In the U.S., their national craft brewers’ association came out with a four-point definition. One was about having a government license, the second was pretty subjectively connected to traditional brewing, the third was that a brewery couldn’t be owned by a non-craft brewery and the fourth was that you had to be smaller than Sam Adams. (Or Sierra Nevada, depending on who was doing better at the time and pushing the ceiling higher to keep them in the fold.) Since then, they’ve shifted course to drop the traditional point.

Arguably, the best thing this definition did for breweries was help decide who can use the independent craft brewery seal. That’s the clearly understood label that customers (at least those for whom it matters) can use to separate the New Belgiums from the Blue Moons. (The latter is owned by MolsonCoors.)

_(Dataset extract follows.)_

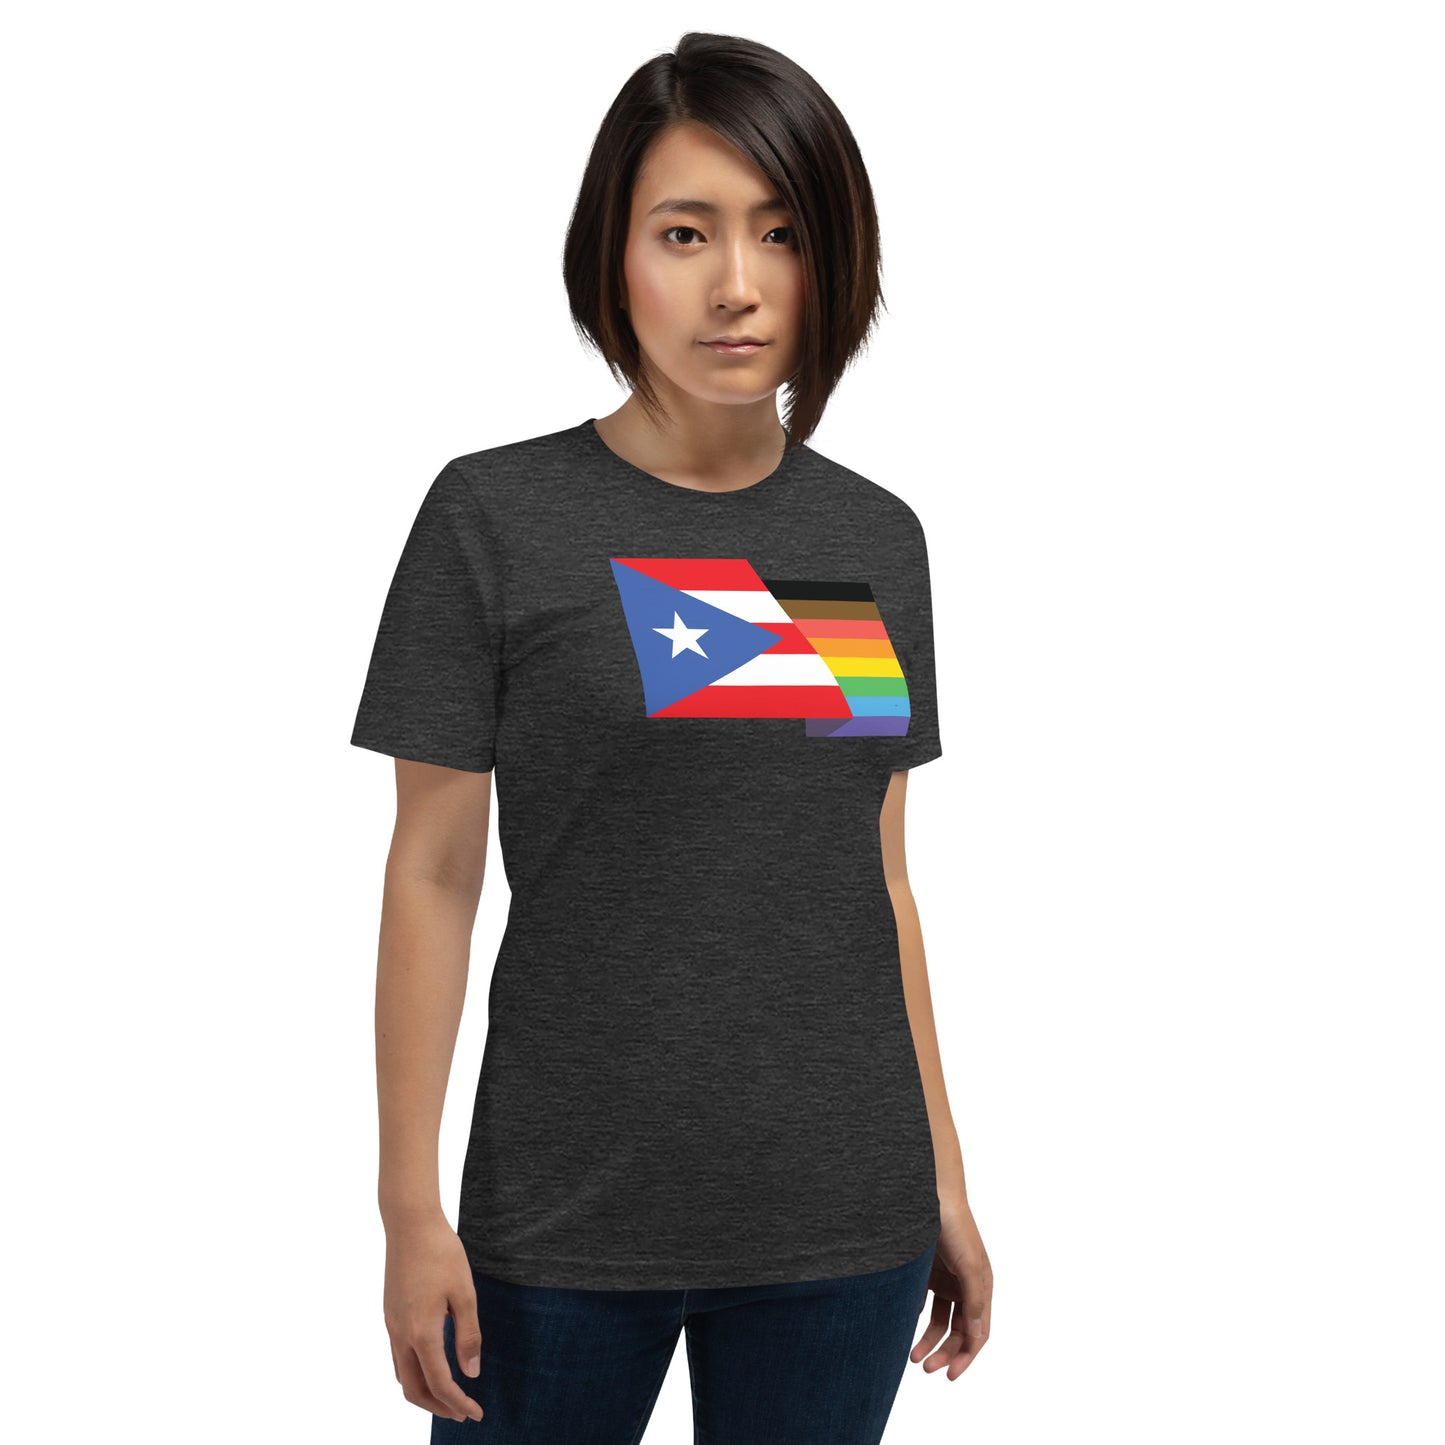 Puerto Rico Pride - Unisex Shirt

Here, in Canada, we have had provincial bodies that have done a less-than-excellent job of keeping up on the labels-that-make-sense front. Happily, the Canadian Craft Brewers Association, which was formed back in May 2019, stepped up this week to announce that they have implemented a Canadian version of the seal.

I’m pleased to see that they emulated (most of) the best features from the Brewers’ Association version. It’s easily recognized as an official(-ish) seal and includes the words “craft” and “independent”. I think the BA’s upside bottle beats out the hop cone and tank because brewers (and the marketing agencies they hire) will recognize those things and many, many beer drinkers won’t. But, that’s a small quibble.

This is a big step in the right direction for craft beer branding in Canada and the idea that a national organization can help breweries make their case to customers. Obviously, success will depend on how universally the seal is adopted by breweries and noticed by consumers.